Conspiracy theories are faddish. A few are deathless,
like the Kennedy assassination—another bust for Team Trump,
by the way—but most come and go according to political trends. You don’t hear
much anymore about “9/11 truth” (except, er, from certain
senators) because there’s nothing to be gained for either side by
mentioning it. The war on terror is over. Bushism has been rejected by both
parties.
Epstein and the “fedsurrection” might soon fade, too.
Once the right gets a juicy bone like “vaccines cause autism” to chew on, they
can leave those less meaty ones behind.
I doubt infotainers like Alex Jones and Glenn Beck will
struggle much to pivot from government conspiracies to anti-government
conspiracies, especially as Trumpism continues its transformation
into progressivism. Left-wingers have spent decades successfully demagoging
corporate America and the pharmaceutical industry; as long as populist
audiences have some malign, powerful influence to blame for America’s problems,
what does it matter if it’s the “deep state” or Moderna?

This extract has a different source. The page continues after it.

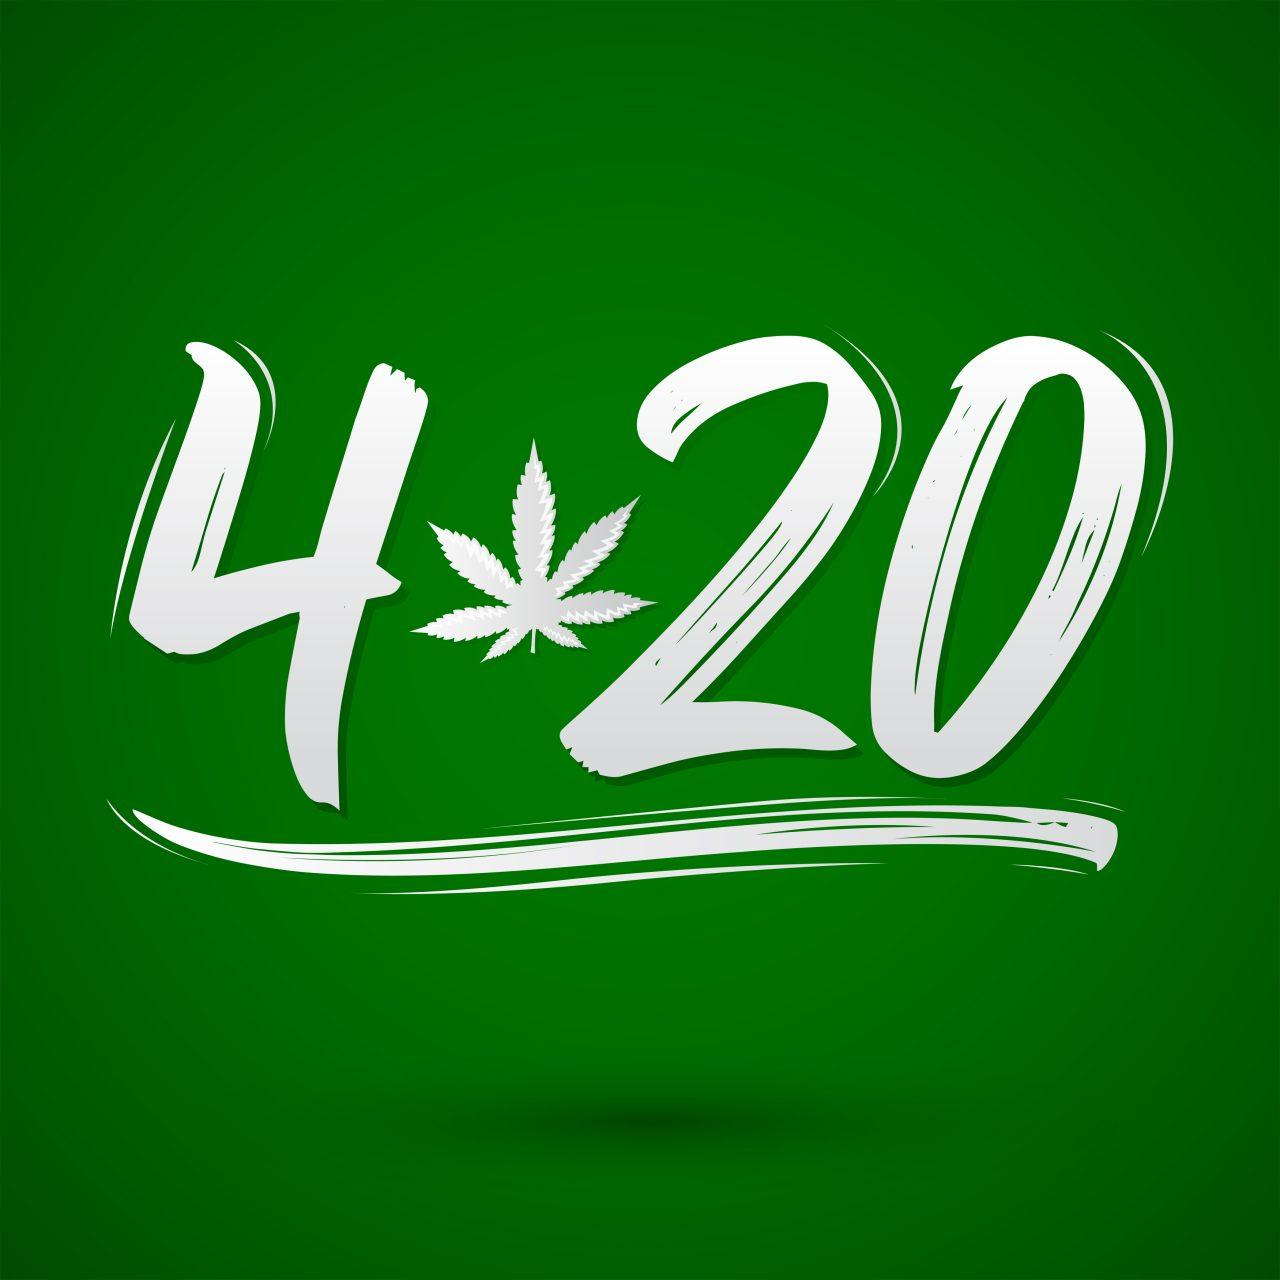 420-1280x1280.jpg
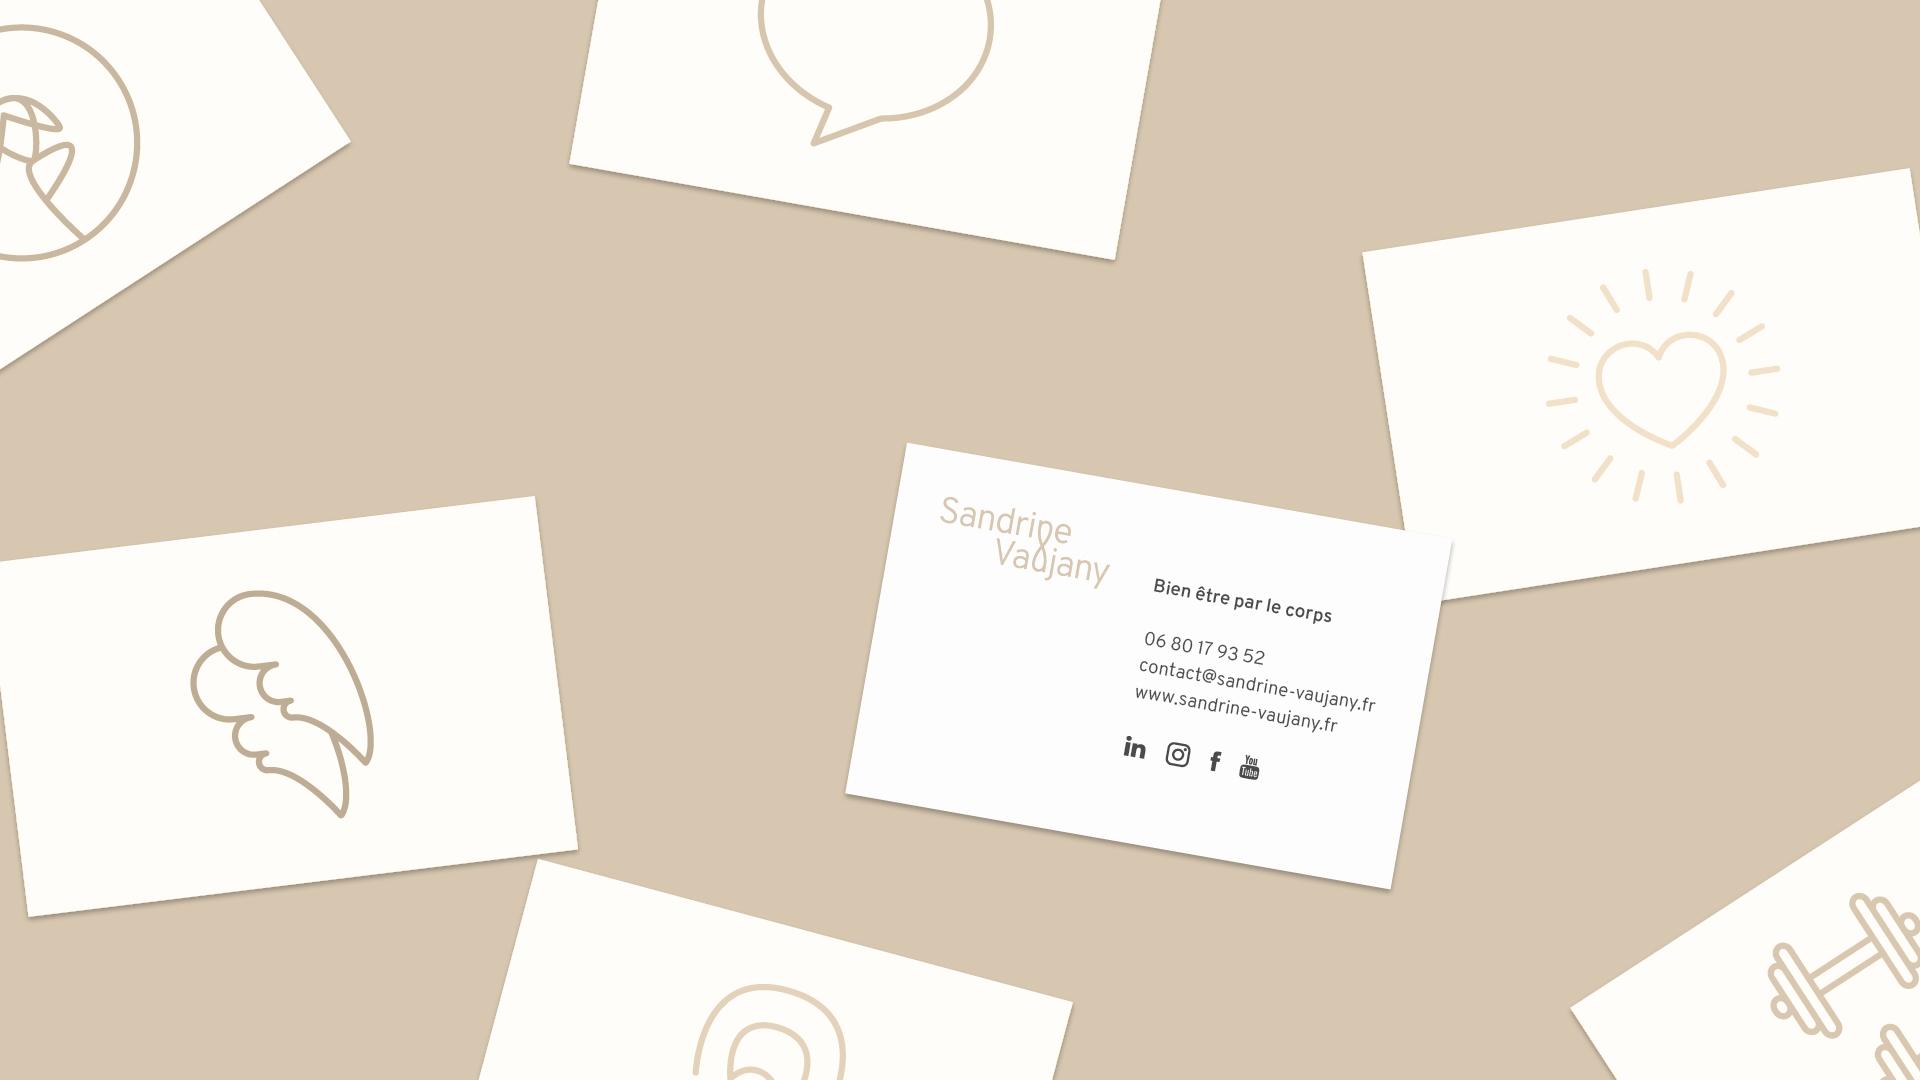 Cartes de visite de Sandrine Vaujany

A few days ago, the president posted a video on Truth
Social that casually accused Bill and Hillary Clinton of having murdered
numerous people, including John F. Kennedy Jr. That’s the laziest, most
predictable conspiratorial smear to which a Republican can resort, fully 30
years out of date, but the fact that Trump stooped to it felt like a
meta-commentary on how conspiracy theories function in his politics. They don’t
have to be true, believable, or even relevant to be worthy. The target almost
doesn’t matter. The point is simply to signal one’s tribal affiliation by
impugning a common enemy.
That practice will go on among the grassroots right, even
with Trump and his people in charge of the government. Populists will continue
to position themselves opposite “elites” and to impugn them by imagining new
plots in which they’re involved—but the definition of “elite” is so cynically
adaptable to political circumstance that, to millions of Americans, neither the
president of the United States nor the richest man in history qualify. They’re
not giving up on conspiracy theories under Trump 2.0, they’re giving up (or
soon will) on the idea that government is the locus of “elite” corruption.
QAnon won, but even winners sometimes need to make adjustments.